Referencing the ESP32 datasheet, we can find the pin layout diagram:

Here, we can see the TXD0(35) and RXD0(34) pins. We need to connect a wire to both of these pins and a ground pin for a serial connection.

The device PCB had a few pin holes, which are commonly connected to the pins for debugging and flashing; I was able to visually follow the traces from both of these serial pins to the holes! This allowed me to easily solder on breakout headers that I could temporarily plug jumper wires into. Otherwise, I would have likely carefully soldered directly to the chip pins.

With a multimeter set to continuity mode, I was able to locate which hole was ground by referencing the GND(38) pin on the ESP32.

Now, we need a port to handle this UART serial communication. I used my Flipper Zero, which has a handy USB-UART Bridge application under the GPIO category.

Using 3 jumper wires, I connected them together:

Flipper Zero TX <--> RX ESP32
Flipper Zero RX <--> TX ESP32
Flipper Zero GND <--> GND ESP32

Note

The TX and RX wires are intentionally crossed here; we want to transmit data to the other device's receiving line!

In Windows Device Manager, under the Ports (COM & LPT) category, I found my Flipper Zero UART device as COM7. Using Putty configured to a Serial connection on COM7 at 115200 speed, I was able to successfully connect to the Flipper Zero. While searching around, I saw this speed was often used for the ESP32, so I decided to go with it here.
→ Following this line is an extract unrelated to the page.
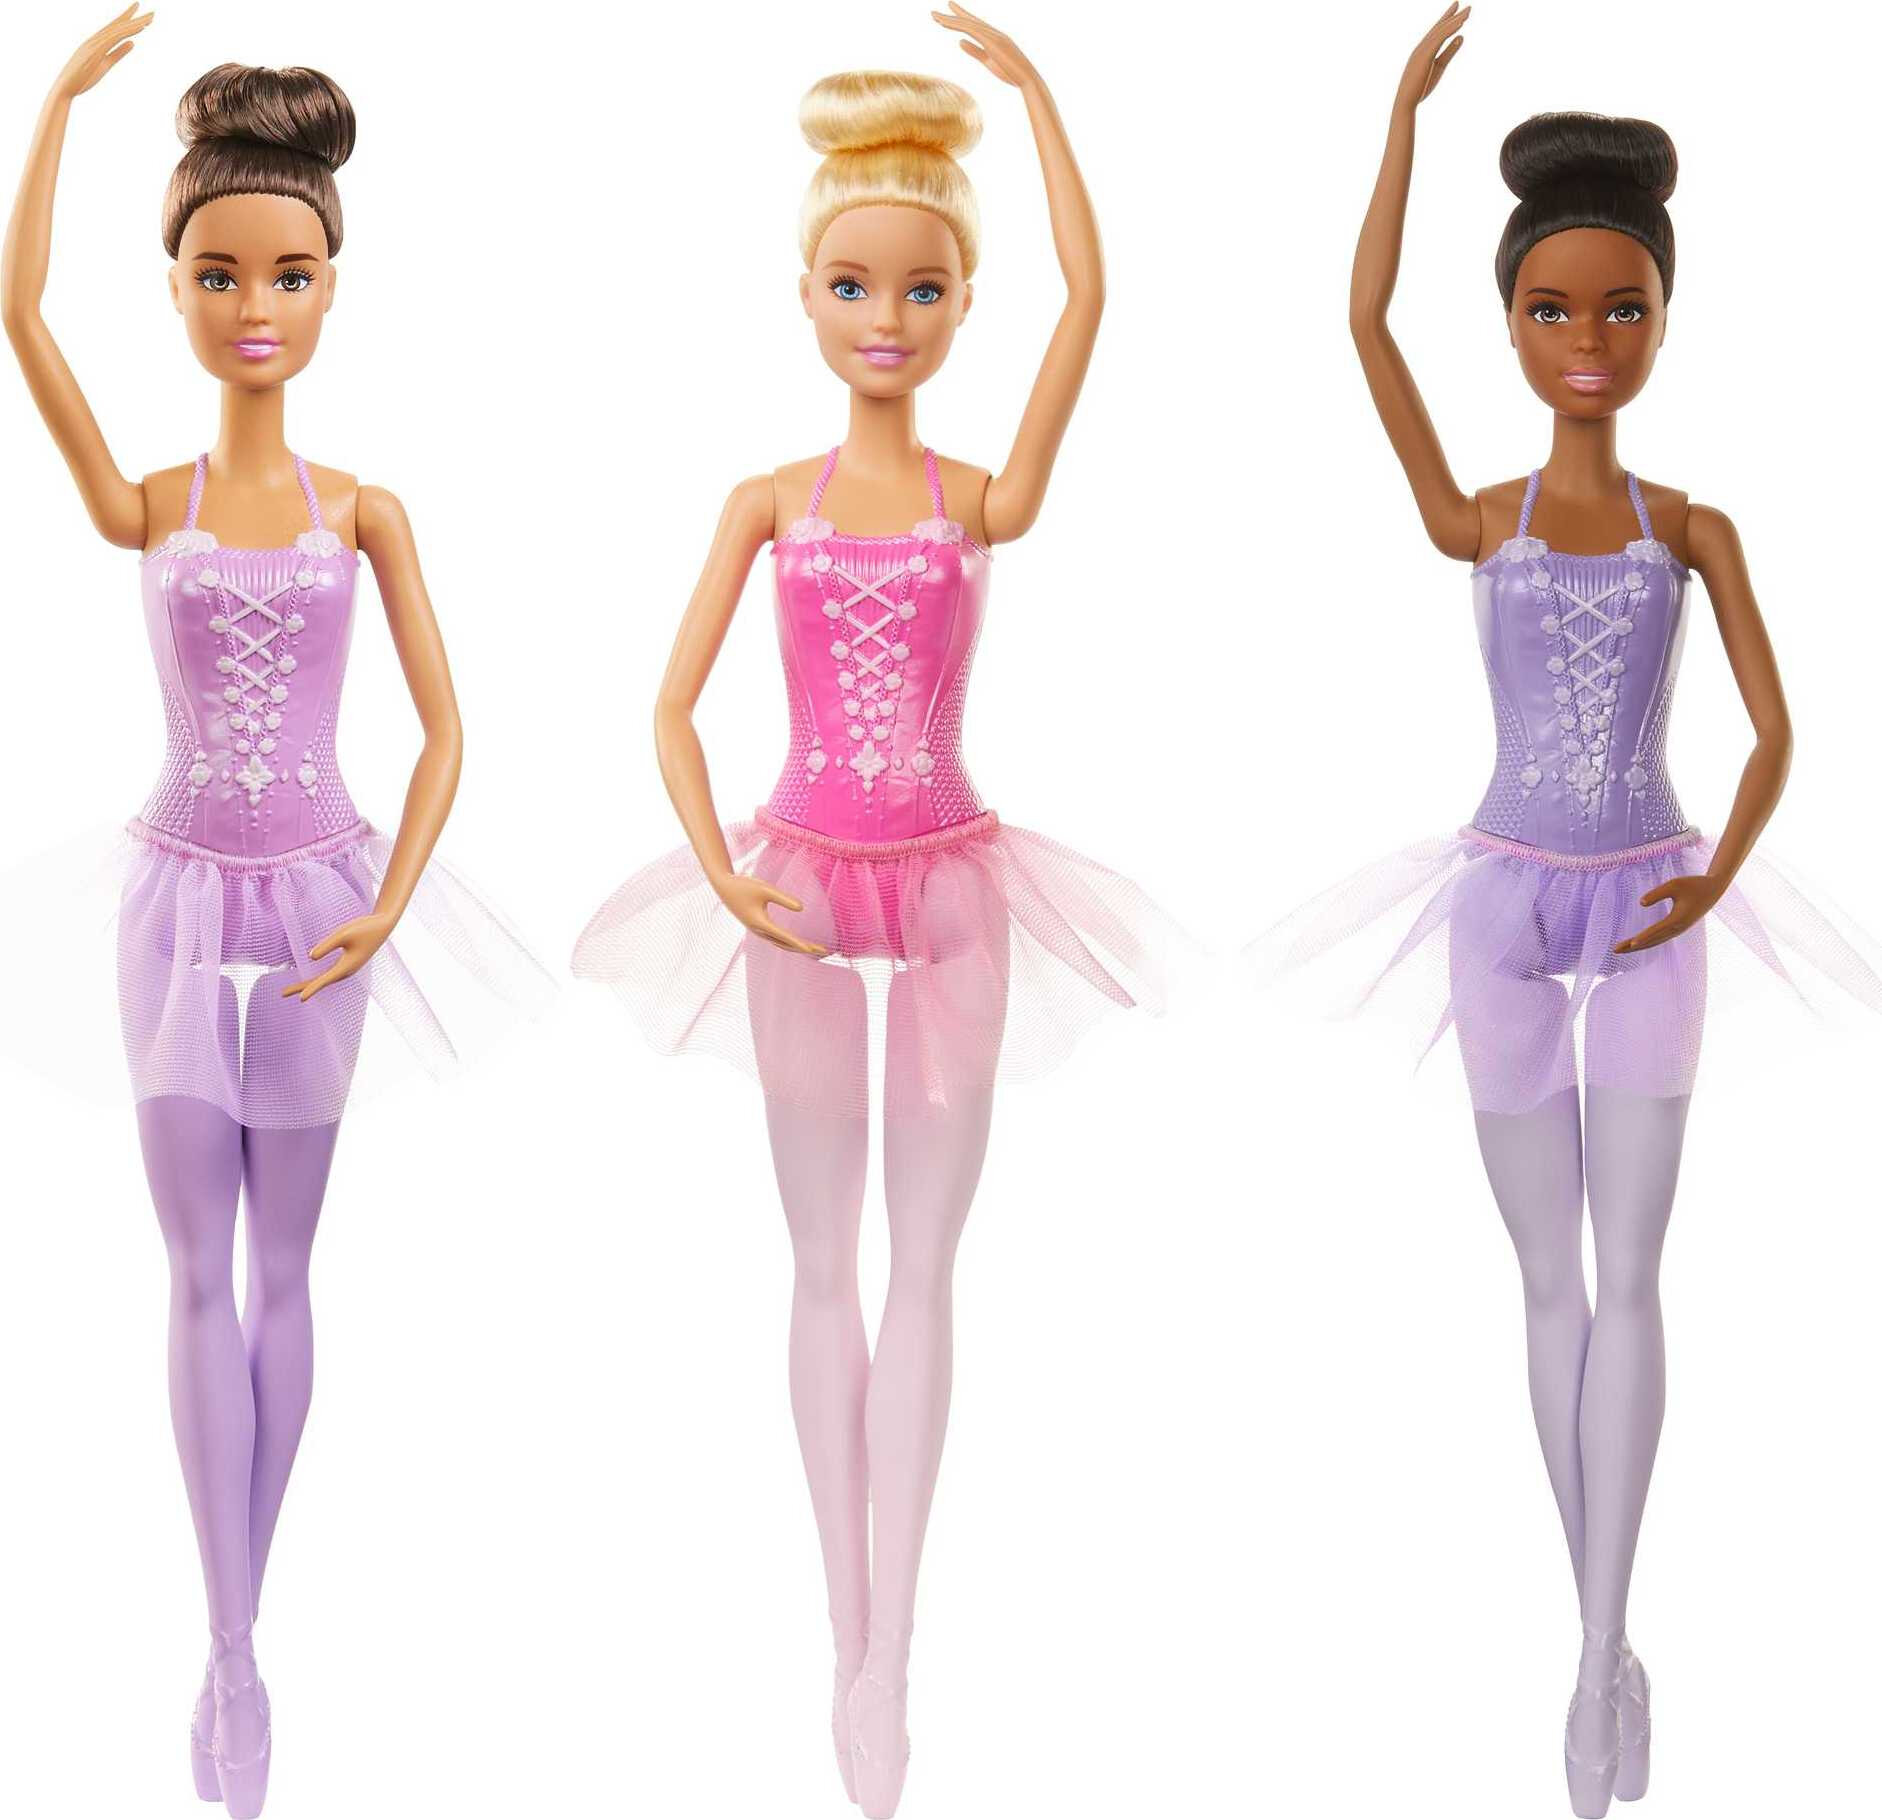 Barbie Ballerina Doll with Tutu, Ballet Arms & Sculpted Toe Shoes (Styles May Vary) - image 1 of 4

When booting up the smart device, I noticed a bunch of log data from the serial output:

rst:0x1 (POWERON_RESET),boot:0x13 (SPI_FAST_FLASH_BOOT)
configsip: 0, SPIWP:0xee
clk_drv:0x00,q_drv:0x00,d_drv:0x00,cs0_drv:0x00,hd_drv:0x00,wp_drv:0x00
mode:DIO, clock div:2
load:0x3fff0030,len:4476
ho 0 tail 12 room 4
load:0x40078000,len:13512
ho 0 tail 12 room 4
load:0x40080400,len:3148
entry 0x400805f0
********************************
**    Starting SmartDevice    **
********************************
This is esp32 chip with 2 CPU core(s), WiFi/BT/BLE, silicon revision 1, 4MB external flash
Minimum free heap size: 280696 bytes
nvs_flash_init ret: 0
Running app from: factory
Mounting FAT filesystem
csize: 1
122 KiB total drive space.
0 KiB available.
FAT filesystem mounted
SERIAL GOOD
CapSense Init
Opening[rb]: /spiflash/serial
Serial Number: 0123456789abcdefff
Opening[rb]: /spiflash/dev_key.key
Device key ready
Base64 Public Key: **REDACTED**
Opening[rb]: /spiflash/SmartDevice-root-ca.crt
Opening[rb]: /spiflash/SmartDevice-signer-ca.crt
Addtimeout: 10000, id: 0
RELOAD FALSE
Opening[rb]: /spiflash/server_config
MP PARSE DONE
Server: smartdeviceep.---.com:41014

We can pick out some useful information from this output:

The device has a 4MB flash chip.
The application runs from factory, which is a common partition name for the default application flashed at the factory.
A FAT filesystem is mounted.
The application reads files for:
- Serial number
- Device key
- Two CA certificates (root and signer)
- Server config

Dumping Flash

Awesome, now we have a working serial connection, we can focus on dumping the flash, hoping it contains information on how to read these packets!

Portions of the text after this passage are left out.